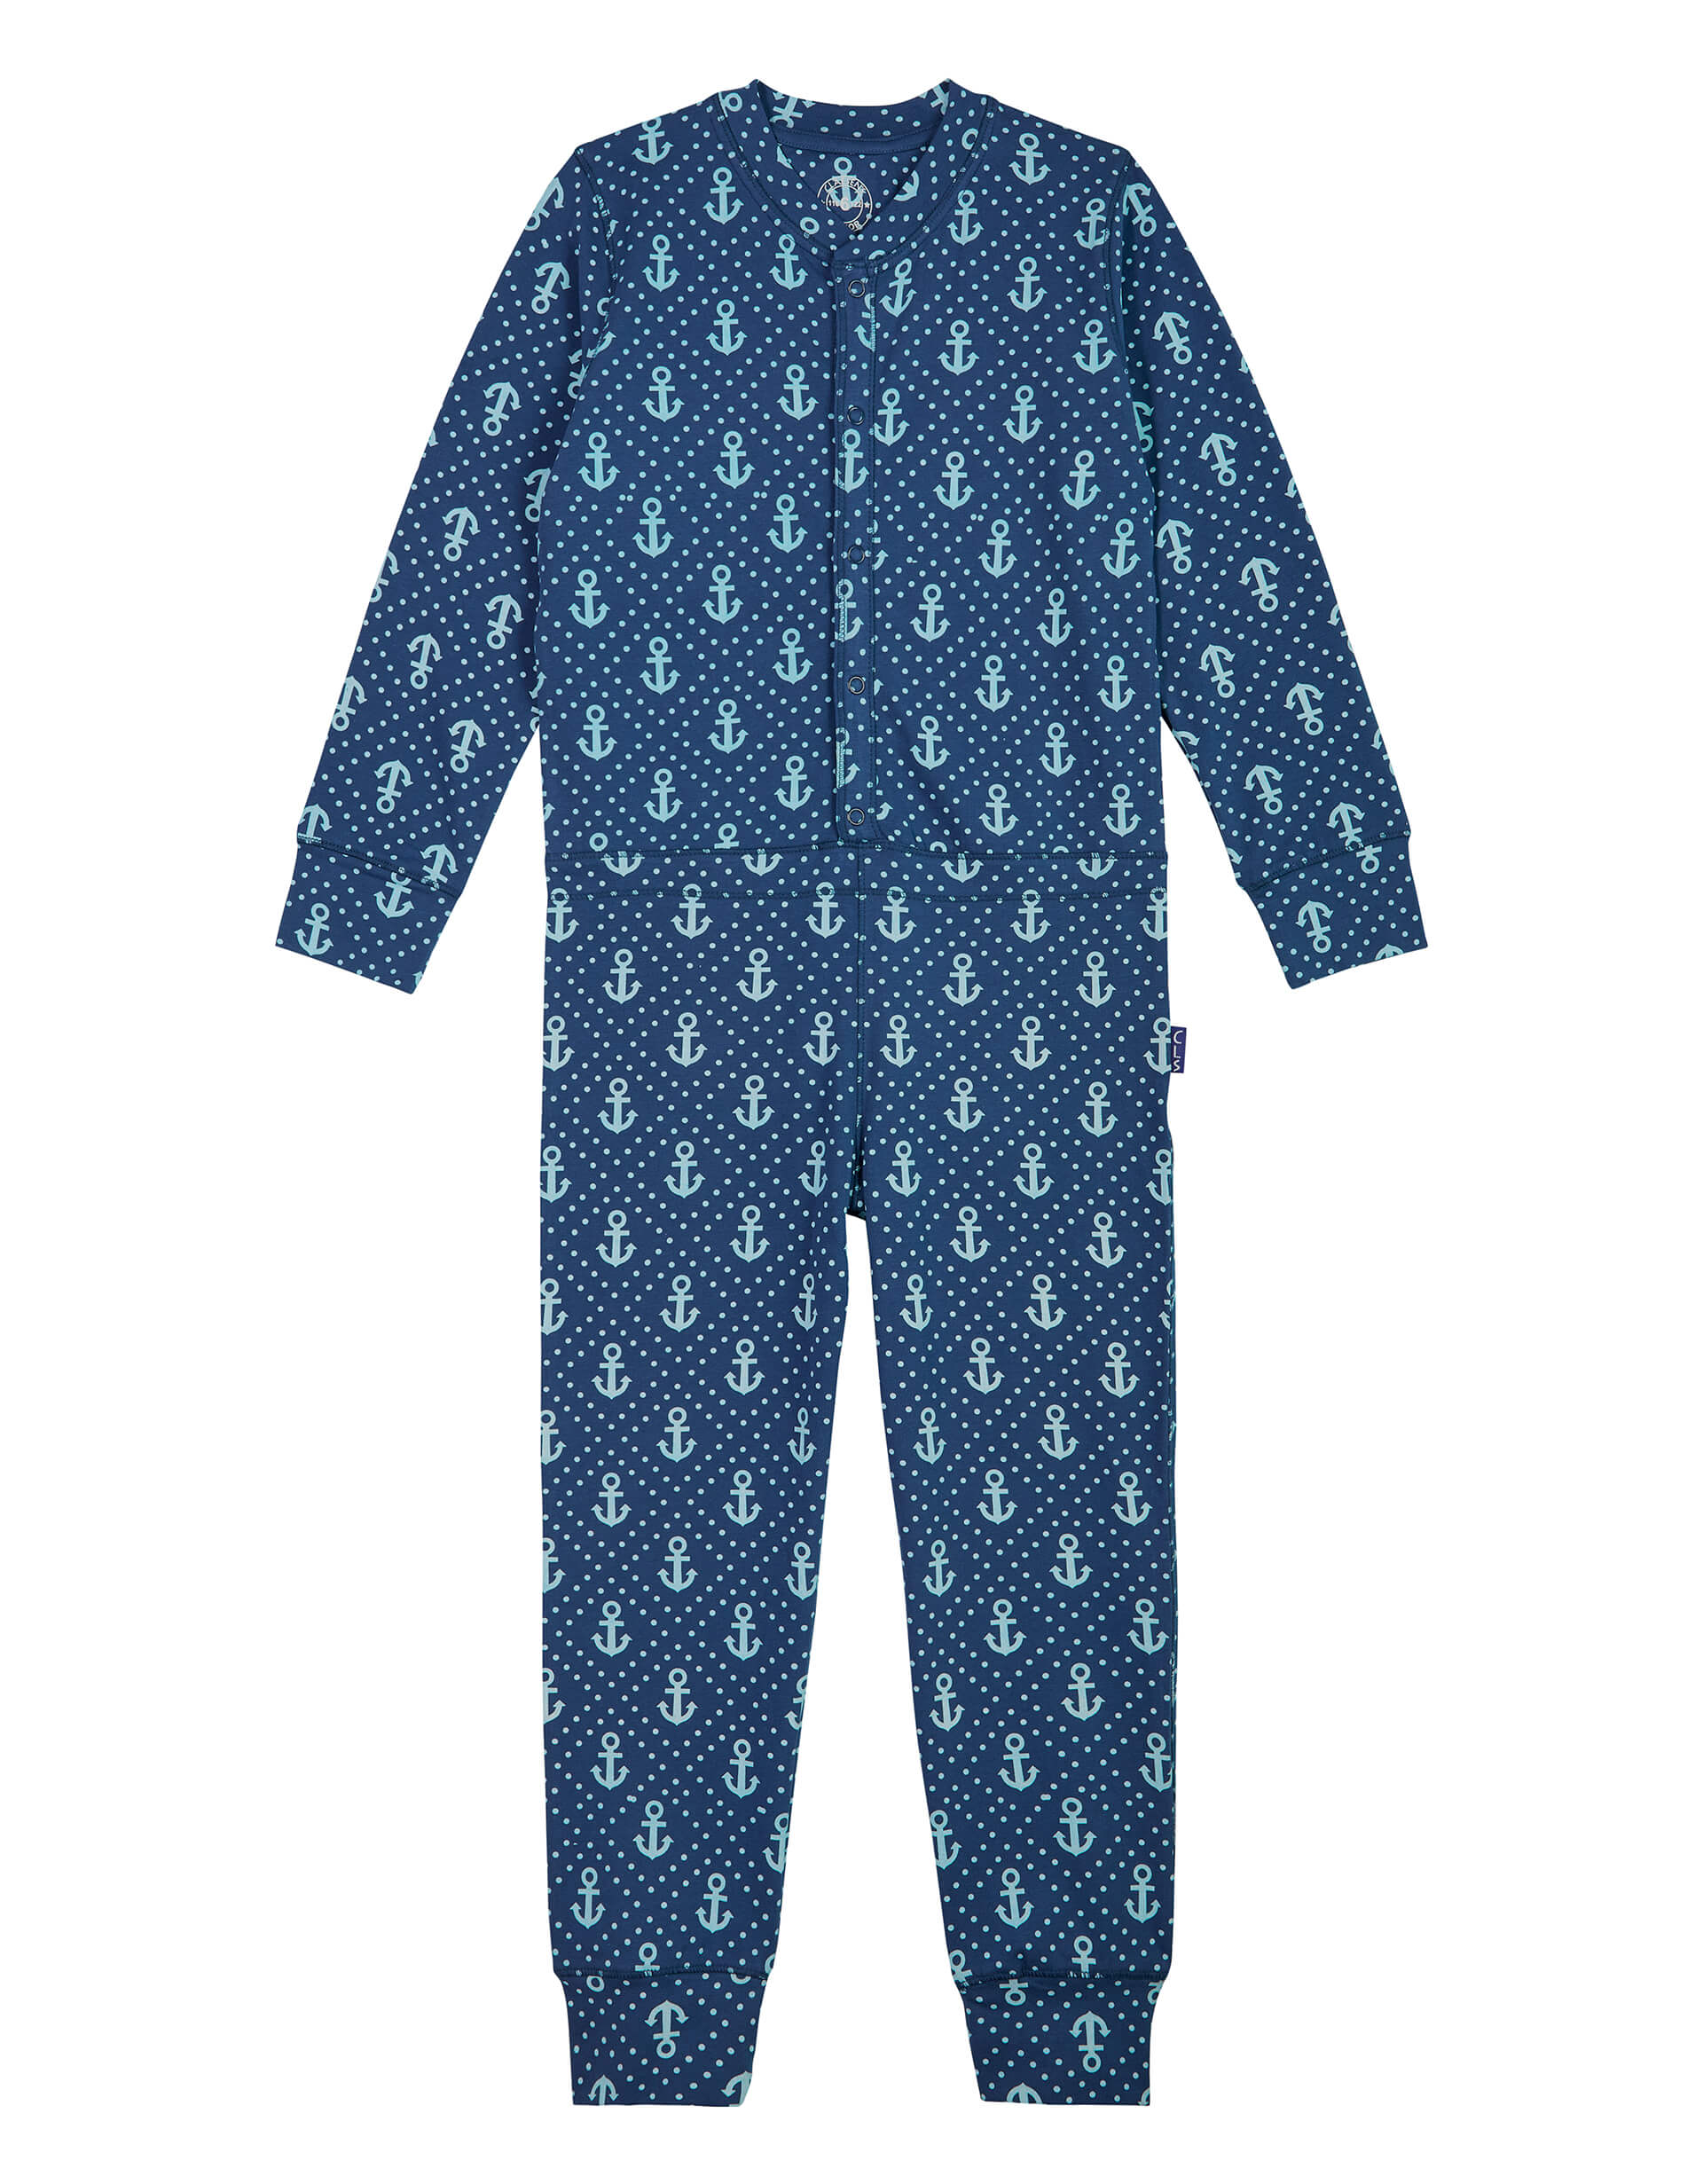 Boys Pyjama Suit
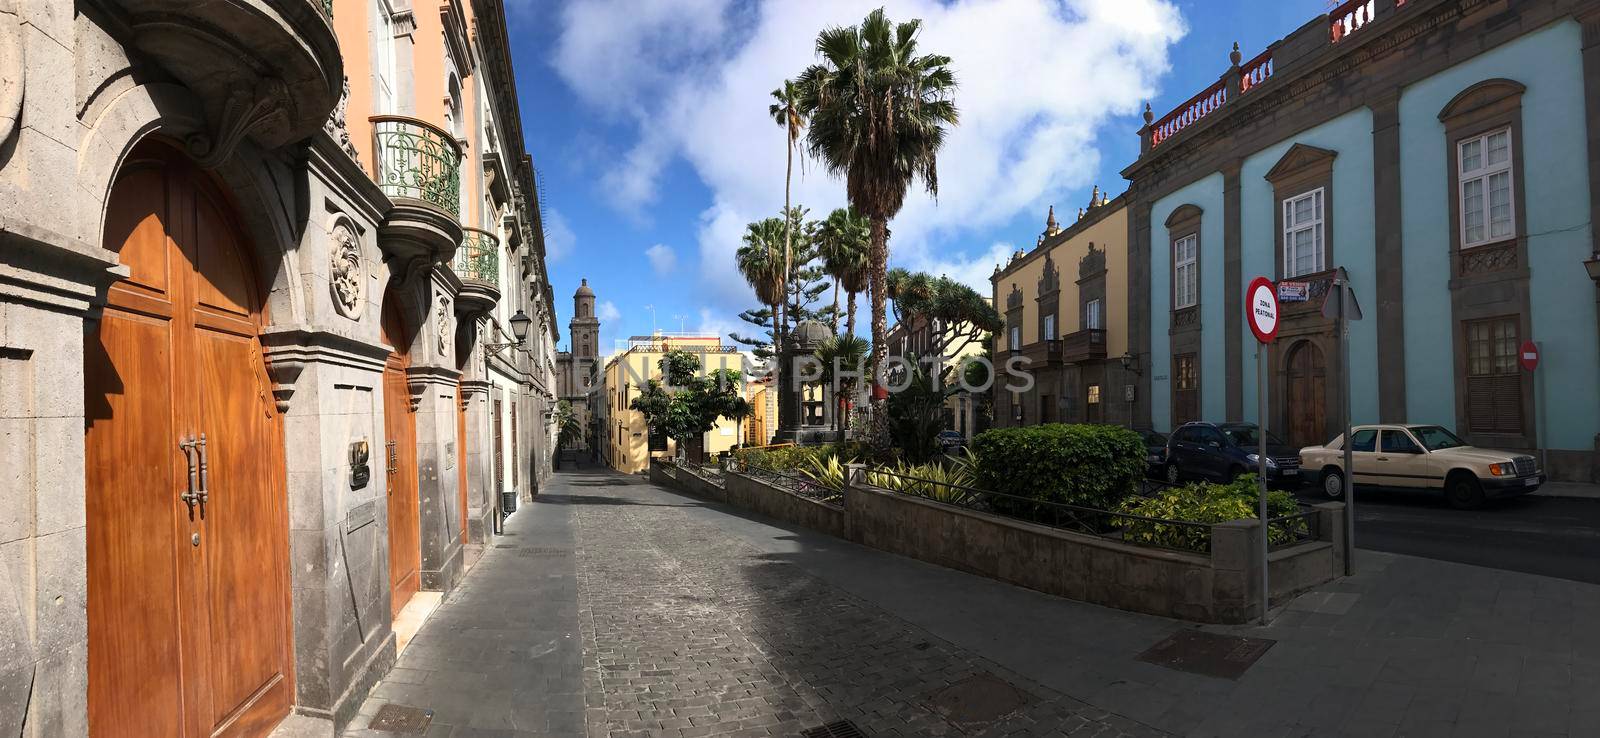 Panorama from Plaza del Espiritu Santo in Las Palmas Gran Canaria Canary Islands Spain
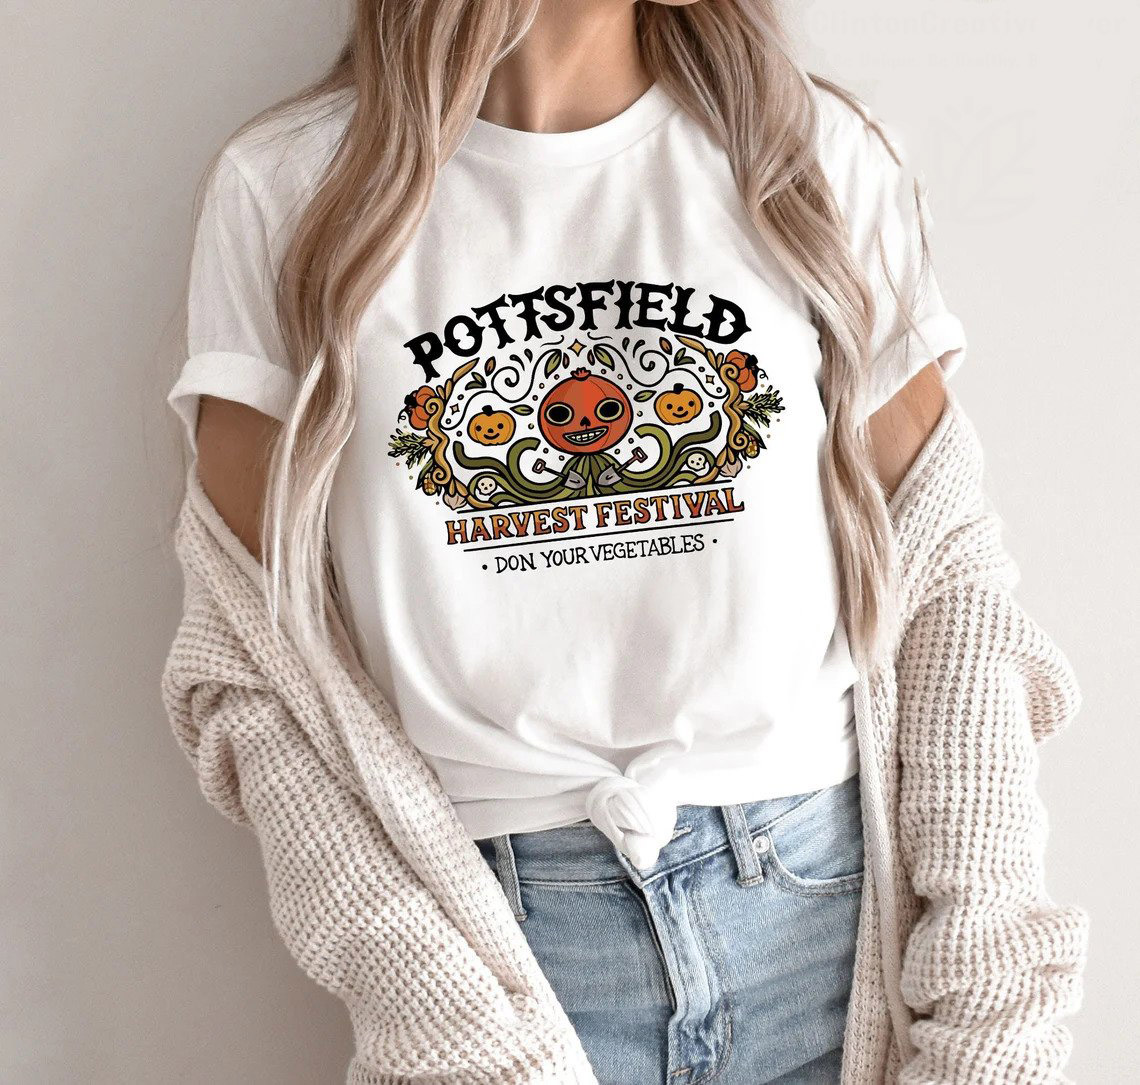 Pottsfield Harvest Festival Shirt, Over The Garden Wall Shirt
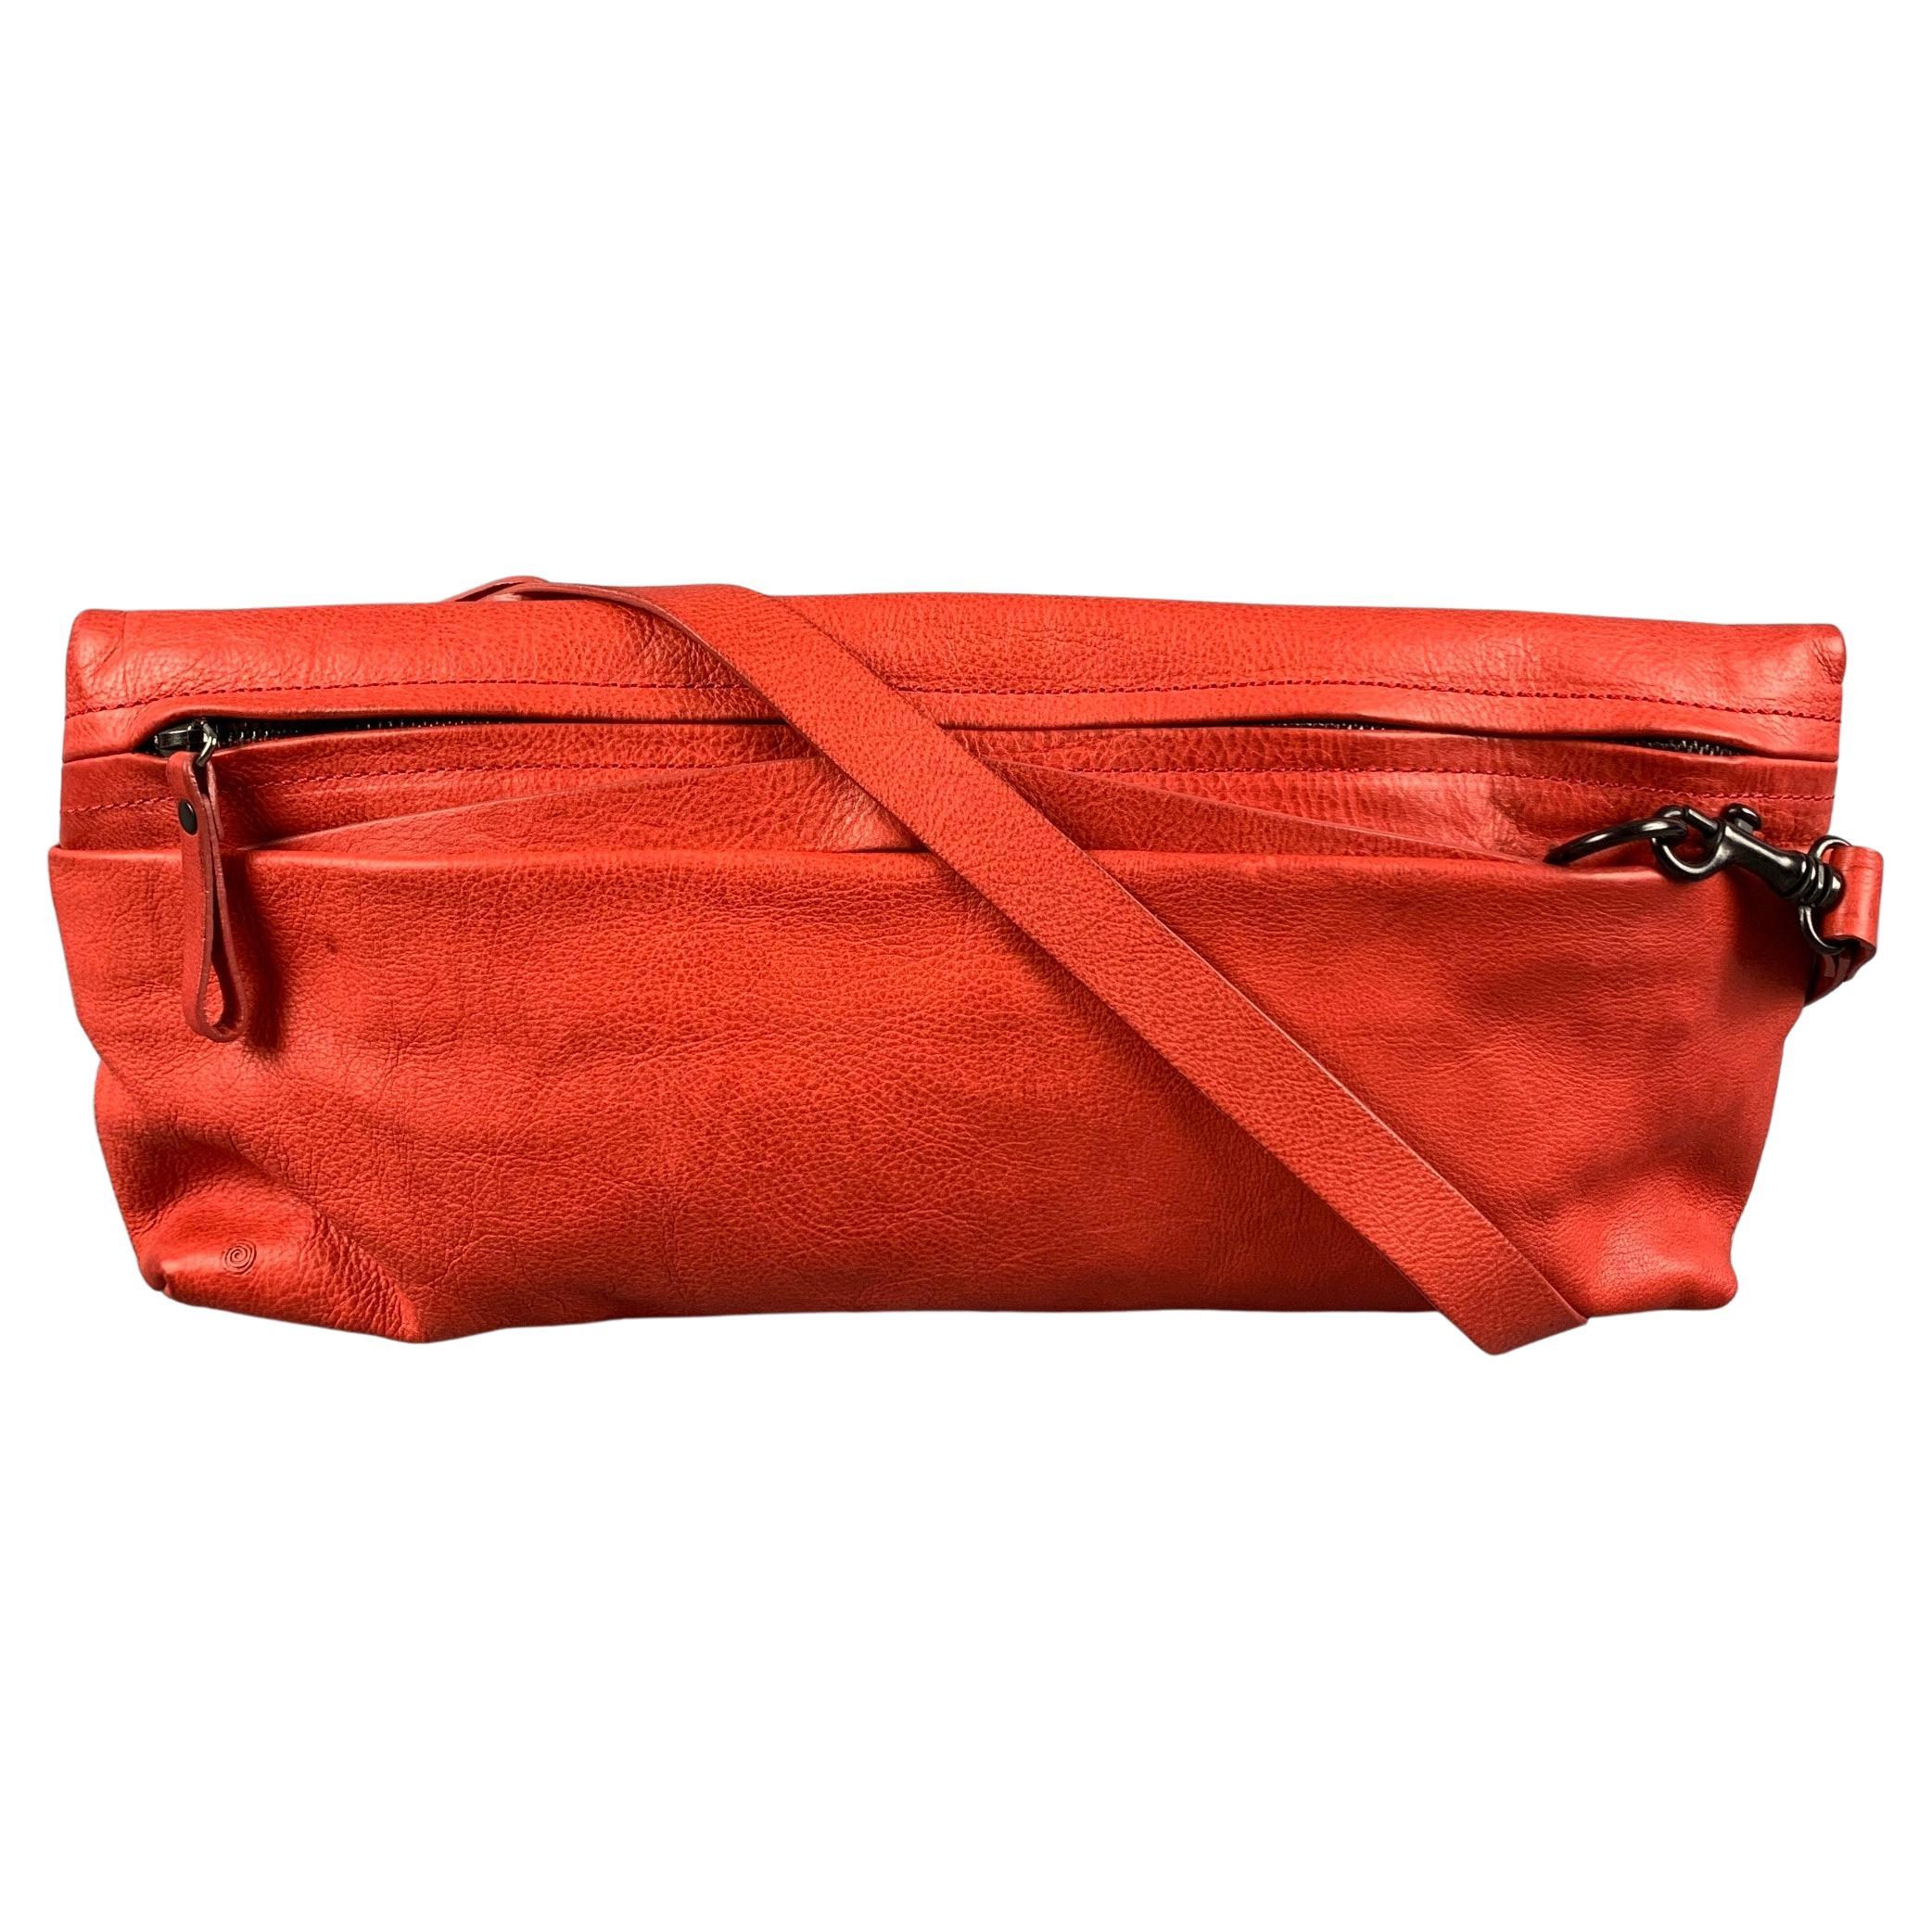 MARSELL Coral Leather Rectangle Shoulder Bag

Problem to work on:
Return the data exactly. Do not carry over any images.

Response to this exercise:
 Boys Pyjama Suit
 Panorama from Plaza del Espiritu Santo in Las Palmas Gran Canaria Canary Islands Spain
 Pottsfield Harvest Festival Shirt, Over The Garden Wall Shirt
 MARSELL Coral Leather Rectangle Shoulder Bag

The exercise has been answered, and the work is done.